HEY! this is the ENFP forum, n0 gramer natsi's alowed!


----------



## Moby (Nov 14, 2009)

Nah, we're not the most sexy. That banner belongs to ESTPs...And the ENTPs that tell us they're so sexy.


----------



## pinkrasputin (Apr 13, 2009)

MikeAngell said:


> Flirting is not sexy. And flirting with a lot of people is disgusting.


Hey, aren't you the one that's still all butt hurt over his ENFP ex? Good thing your resentment doesn't show up in posts. :wink:



Moby said:


> Nah, we're not the most sexy. That banner belongs to ESTPs...And the ENTPs that tell us they're so sexy.


However, physically I don't think ESTPs necessarily have anyone beat.

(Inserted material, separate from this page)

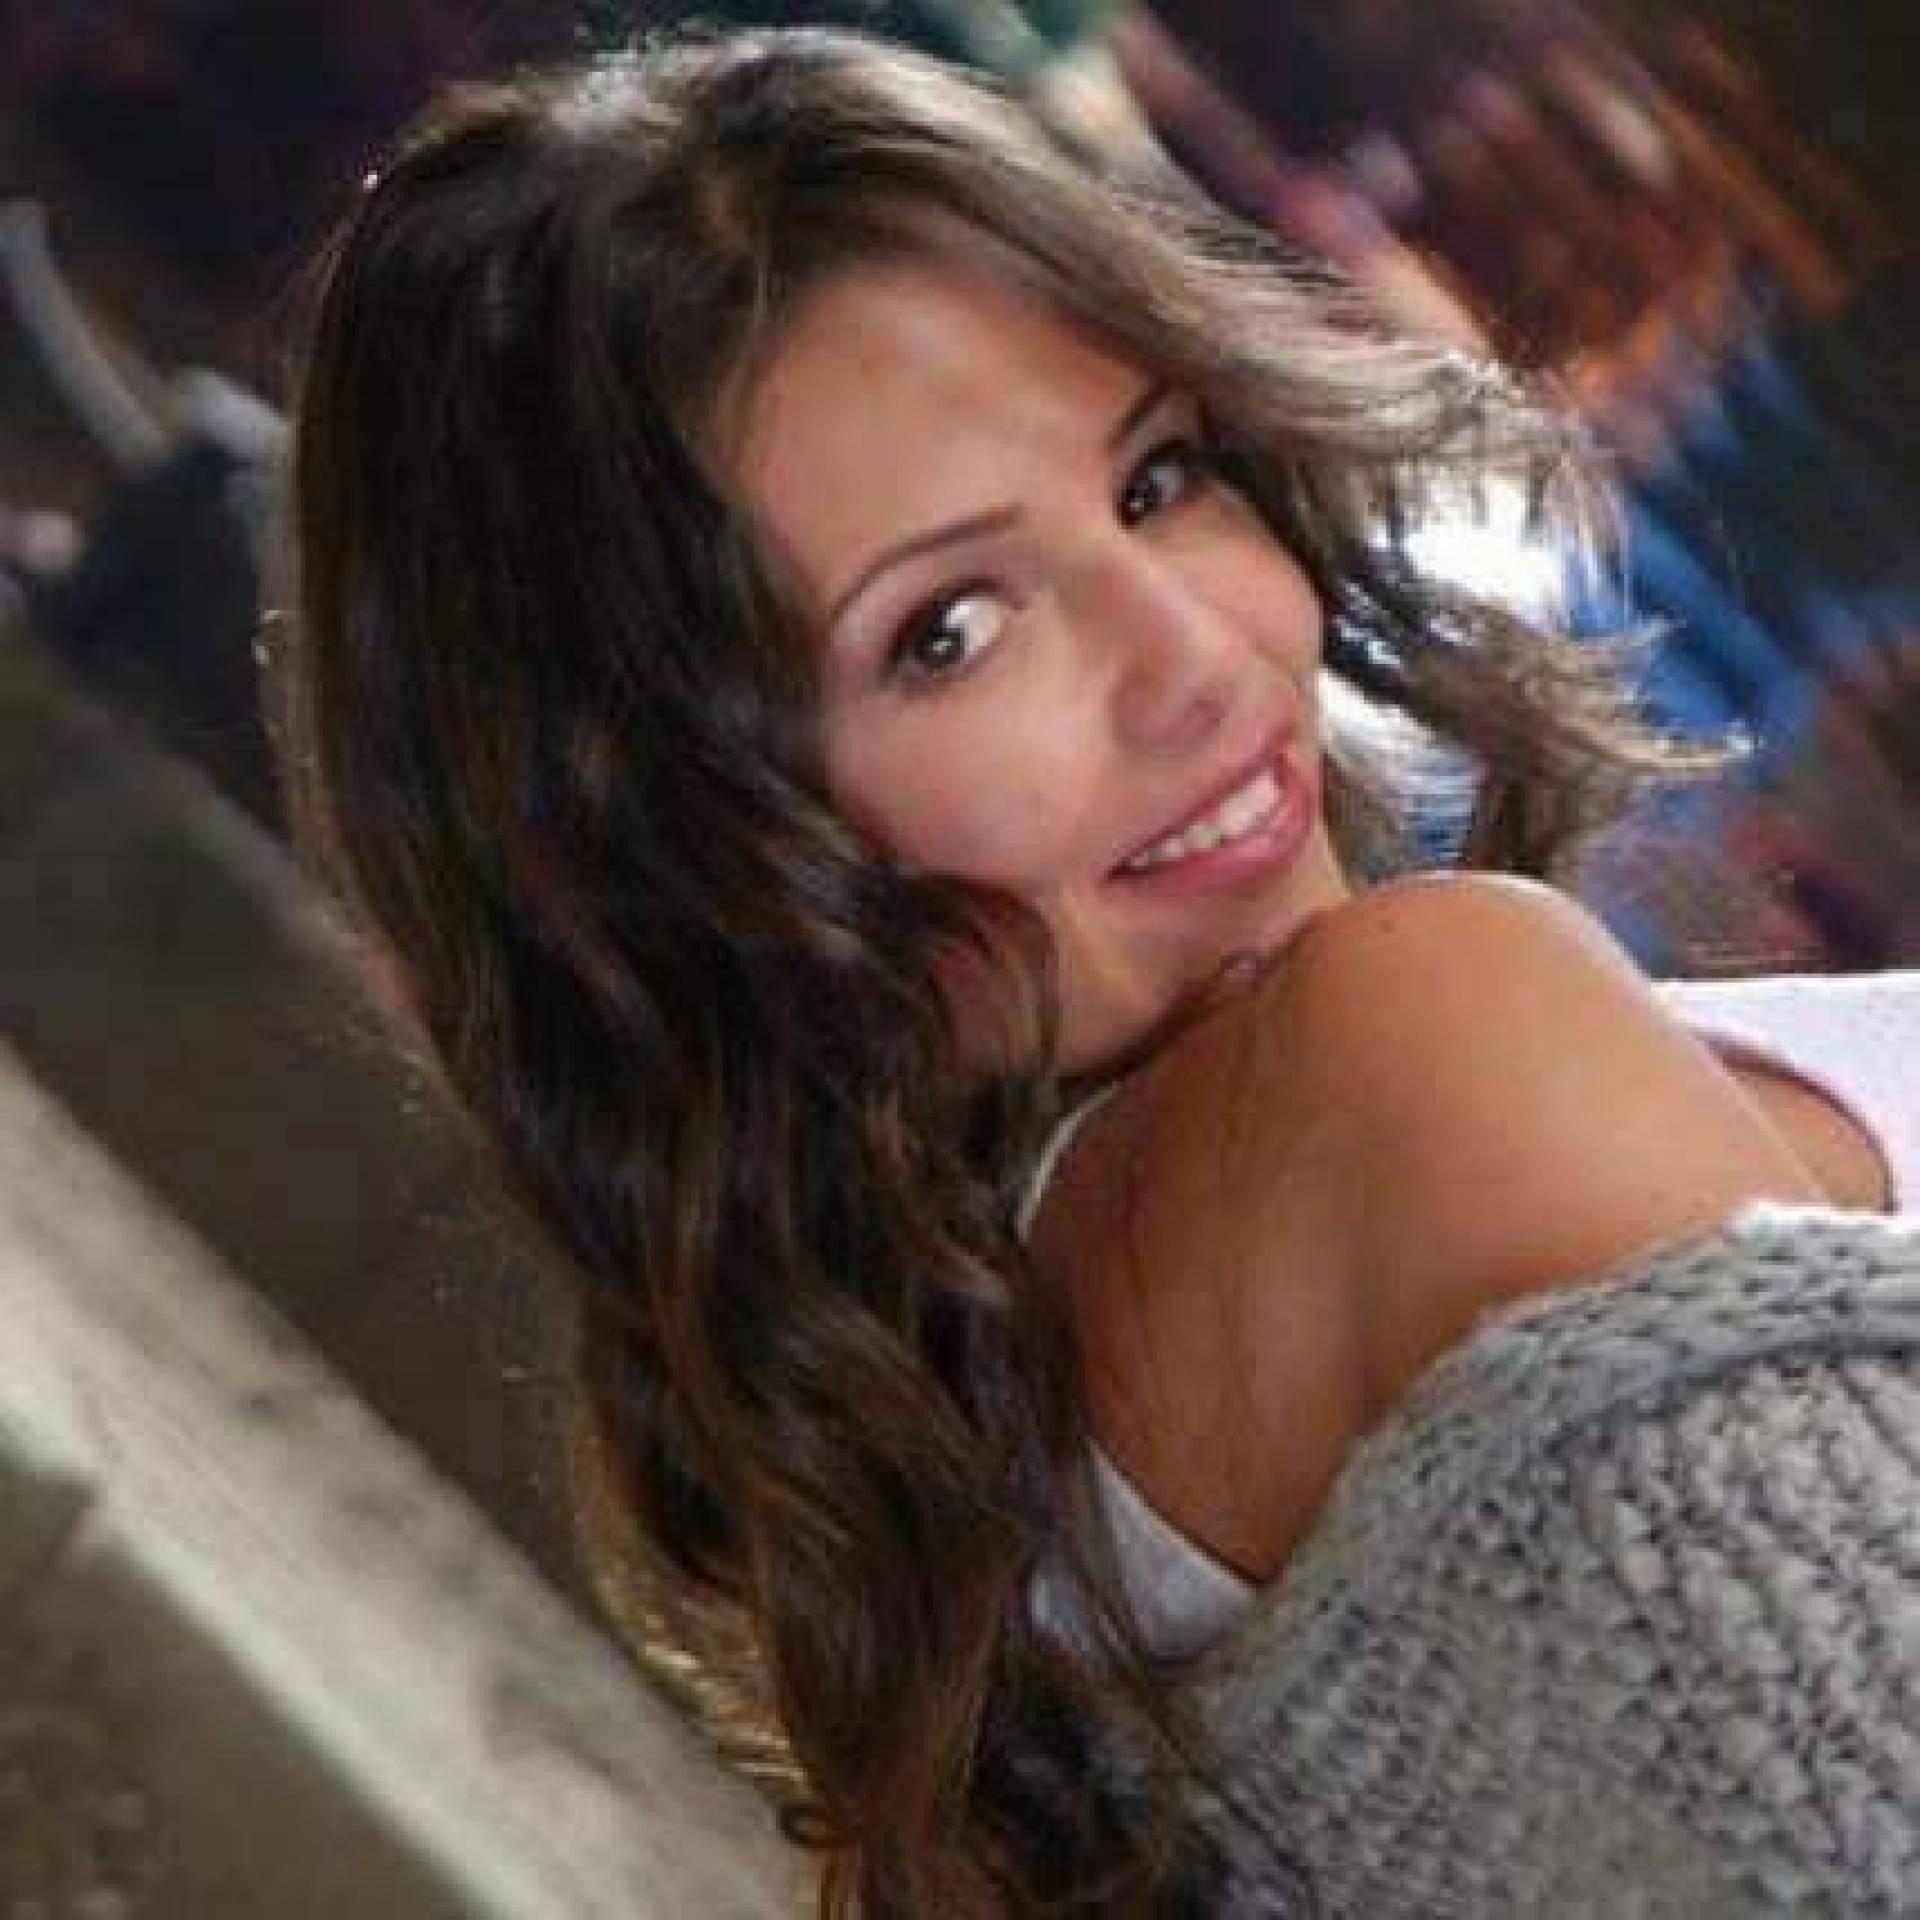 وفاة ممثلة مصرية شابة بأزمة قلبية

They have some serious charm, though. 

Lol @ ENTPs "tell us they're so sexy". Bwahahaha! :laughing:


----------



## EskimoFox (Aug 14, 2010)

Hardstyler said:


> I no write!





Thrifty Walrus said:


> ........did you do that on purpose to piss me off? *sigh* I hope so...... I'll bite, *know *right.


I totally lol'd at this!

AND I concur that we ENFPs are the sexiest. No doubts there. ENFP PRIDE!!!!


----------



## Natalie (Aug 16, 2010)

MikeAngell said:


> Flirting is not sexy. And flirting with a lot of people is disgusting.


I disagree that flirting with many people is disgusting, but I have been told this by other types before, especially other Is. 

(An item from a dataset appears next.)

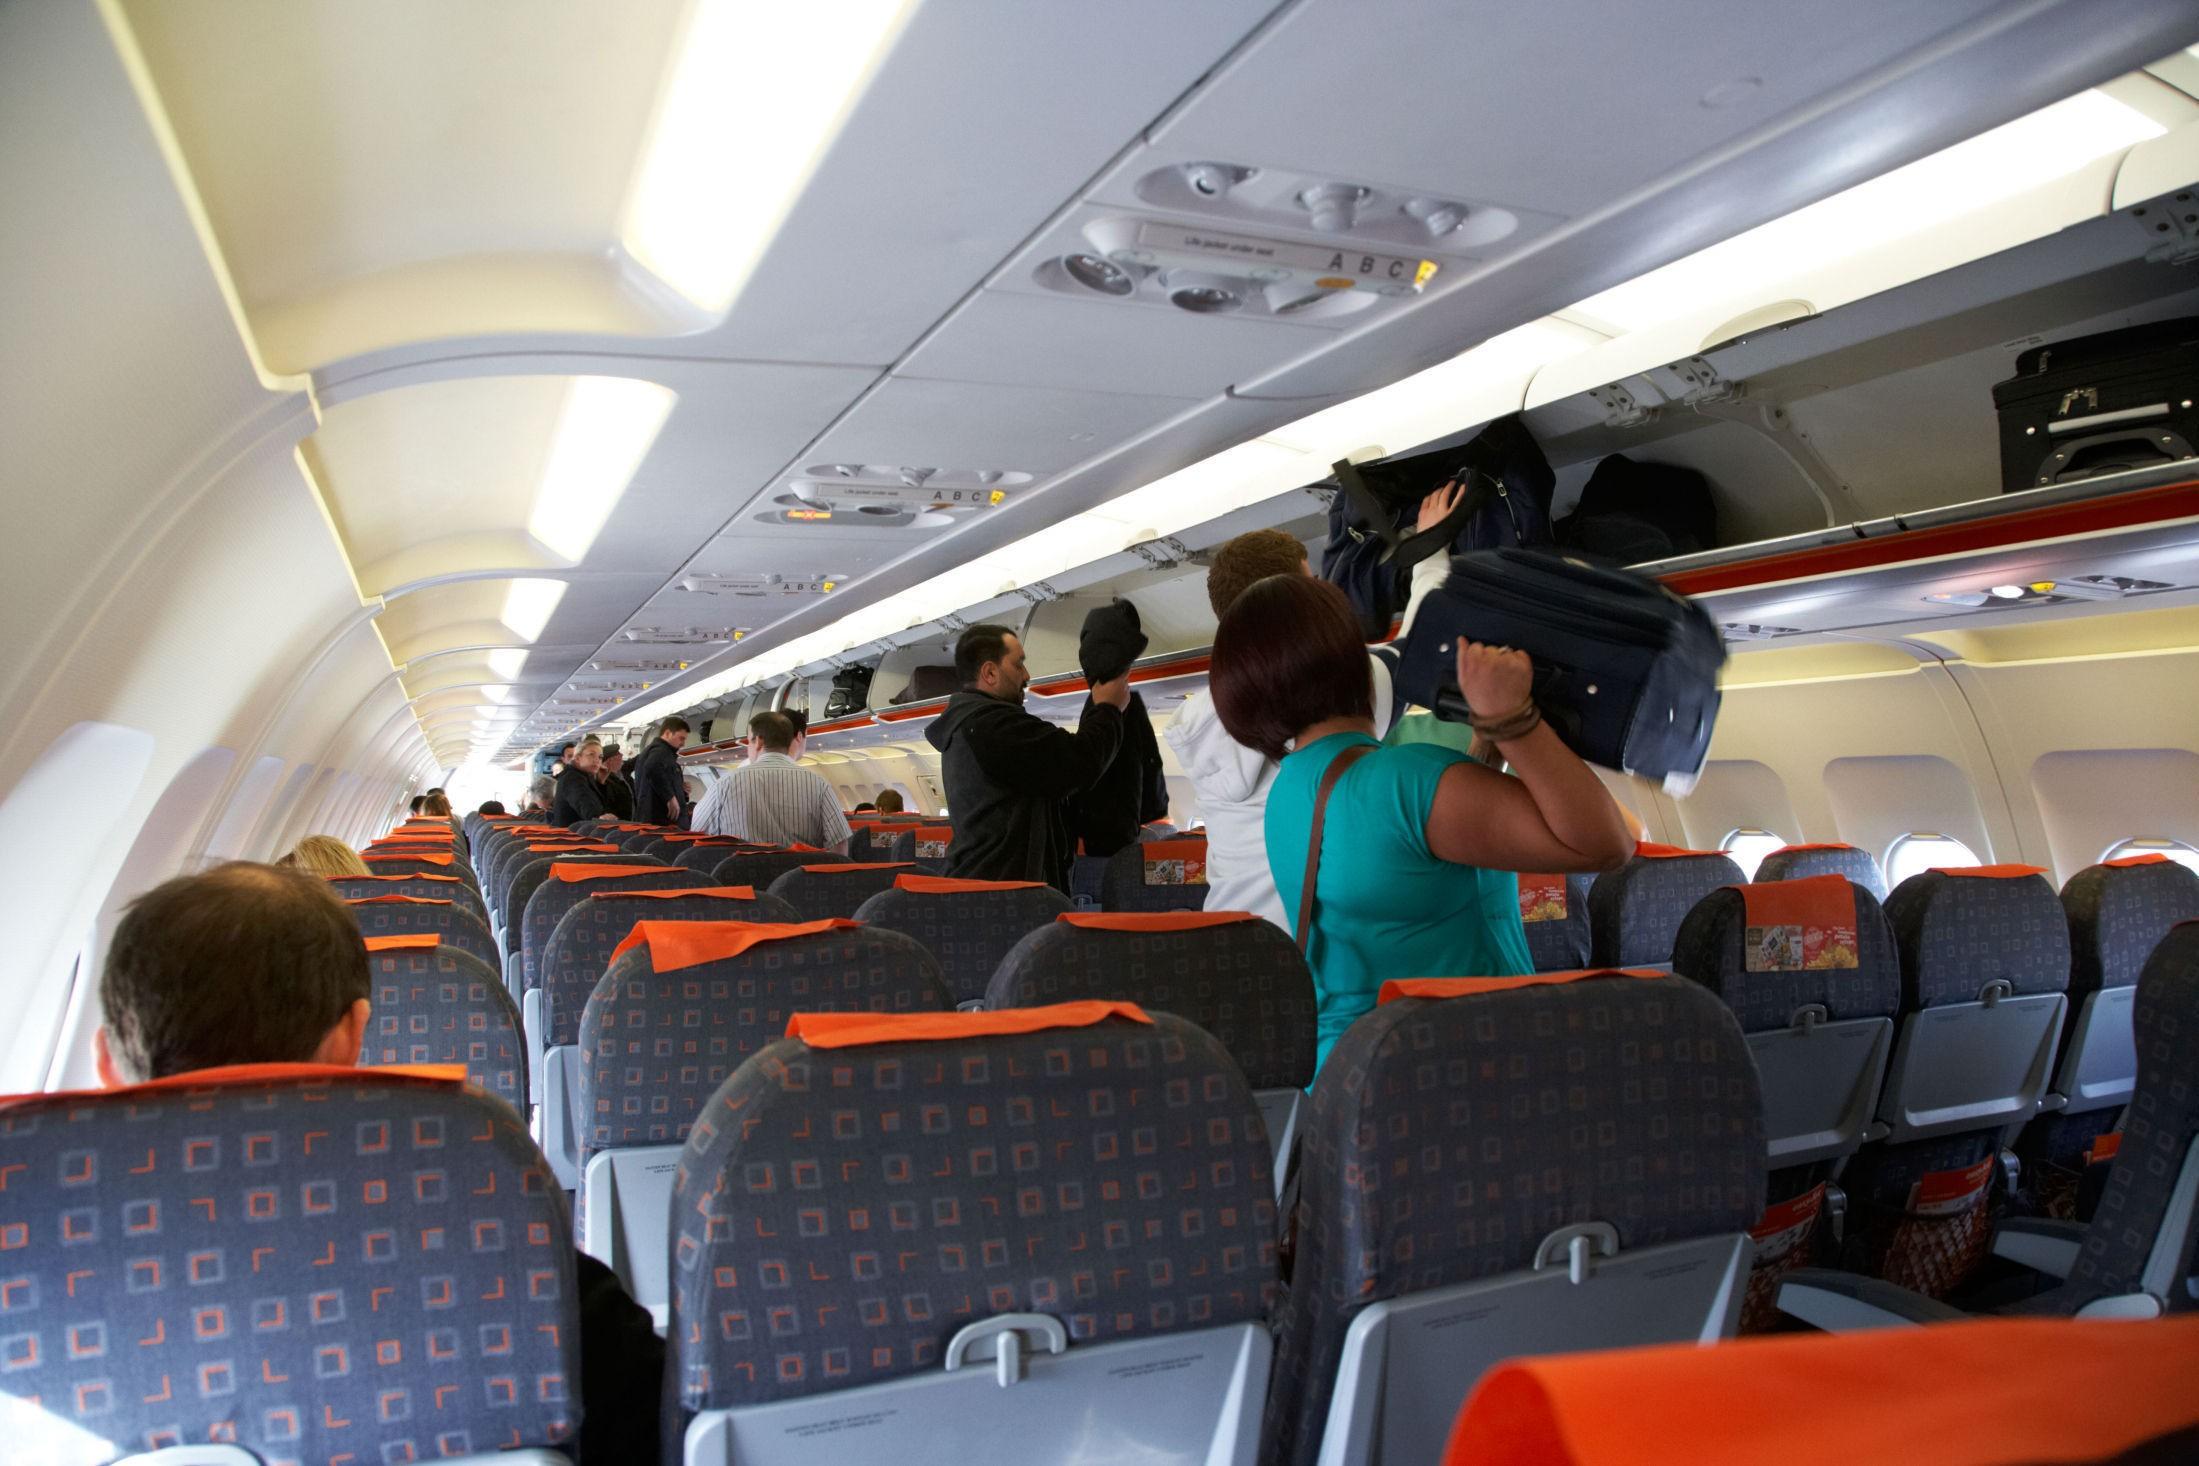 DÅRLIG METODE: Undersøkelser viser at metoden man benytter seg av for å gå om bord i et fly i dag er den minst effektive.

My INFJ friend asked me to explain it to her once, and I don't entirely know how--it's just been a natural and somewhat involuntary part of the way I interact with many people. It's something used to do when I was much younger without even thinking about it. Now at least I do it by choice! I typically only flirt if I genuinely like someone and want to know more about him/her, and I typically don't turn on the charm if it's not sincere. I don't mean for it to be misleading, although I know sometimes it is.

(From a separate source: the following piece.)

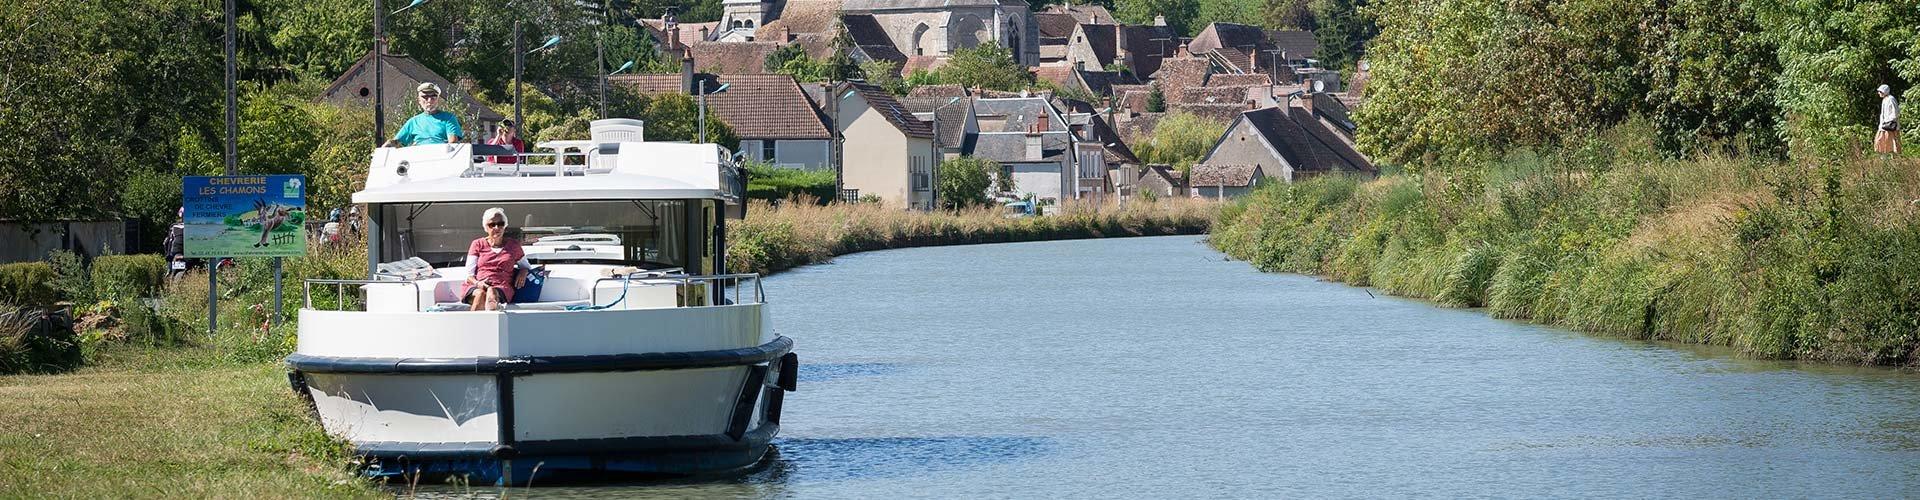 Noleggio Barche senza patente Borgogna

I do agree that flirting is not necessarily sexy and doesn't necessarily make someone sexy . . . but it definitely CAN be sexy. I think a lot of E-types interact with people this way (I know a couple of ENTPs and ENTJs who are very flirtatious as well), but I think ENFPs also tend to be colorful in the way they dress and to have vibrant or exuberant personas when they are interacting with others. All of these things combine, I think, to make the ENFP personality type a sexy and attractive one.


----------



## abitsilly (Mar 4, 2010)

Do you find that when you do meet someone you like the charm just seems to switch off, and that natural 'way with words' you had just diaspears? I find that, it's soo annoying when you know you could have been getting his number in less than a minute! exasperating!


----------



## Agile (Sep 27, 2010)

abitsilly said:


> Do you find that when you do meet someone you like the charm just seems to switch off, and that natural 'way with words' you had just diaspears? I find that, it's soo annoying when you know you could have been getting his number in less than a minute! exasperating!


Oh yes, all the time. However I find my behavior varies with the I-E spectrum. If I'm interested in an E, I find myself in your exact situation. However when I'm interested in I's I get into my natural rhythm a lot easier.


----------



## pinkrasputin (Apr 13, 2009)

I think Jewish ENFPs are the sexiest out of all the types. *Sigh*


----------